Connections and serverless

A query is cheap; the connection it rides on is not. Getting this wrong is a common reason an app that worked in testing falls over under real load.

Why connections are expensive

Opening a database connection means a TCP handshake, authentication, and - in PostgreSQL - the server starting a whole backend process for that connection. That costs time and memory, and the server caps how many can exist at once (max_connections, often a few hundred). If every web request opens its own connection, a traffic spike exhausts the limit and new requests fail.

Connection pooling

A connection pool keeps a set of connections open and lends them out: a request borrows one, runs its queries, and returns it. No per-request handshake, and the number of real connections stays bounded.

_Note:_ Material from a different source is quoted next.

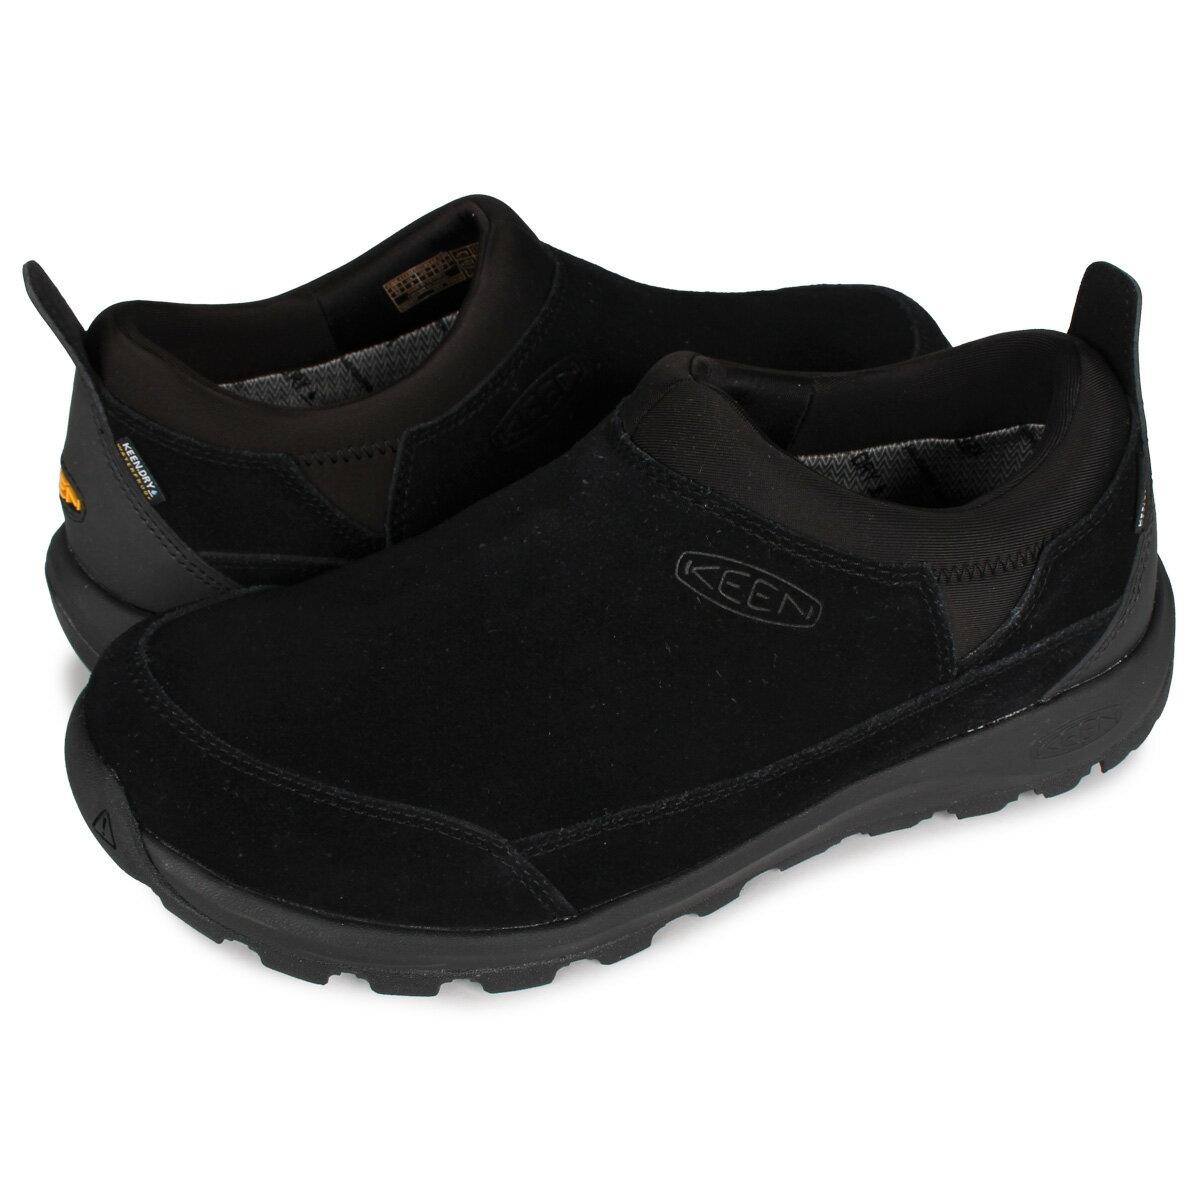 メンズ靴, スリッポン KEEN GLIESER MOC WP M 1023837

The counter-intuitive part is sizing: bigger is not better. Each connection consumes server memory, and beyond roughly the number of CPU cores extra connections mostly add contention. A small pool (often single or low double digits per app instance) usually gives higher throughput than a large one. The failure mode to know is pool exhaustion - all connections busy, so requests queue and time out; the cause is usually a slow query or a leaked connection that was never returned.

Dedicated poolers like PgBouncer and pgcat sit in front of PostgreSQL and multiplex many clients onto few real connections.

The serverless connection problem

Serverless functions (AWS Lambda, edge functions) scale to many short-lived instances, each wanting its own connection - which blows straight past max_connections. The fixes:

an external pooler (PgBouncer, or the platform's built-in pooler) between functions and the database;
HTTP / serverless drivers that send queries over HTTP instead of a long-lived TCP connection - e.g. Neon's serverless driver, or data-API layers.

Where databases run in 2026

Stage 0 noted the shift to managed and serverless databases; here is the lay of the land:

Serverless Postgres - Neon and Supabase: scale compute to zero when idle, branch a database like git, bill by usage.
PlanetScale (MySQL/Vitess) - horizontal scale and safe online schema changes.
Amazon Aurora - including Aurora Serverless v2, which scales capacity automatically.
Turso (libSQL, a SQLite fork) - databases at the edge, close to users.
Distributed SQL - CockroachDB and TiDB offer serverless tiers too.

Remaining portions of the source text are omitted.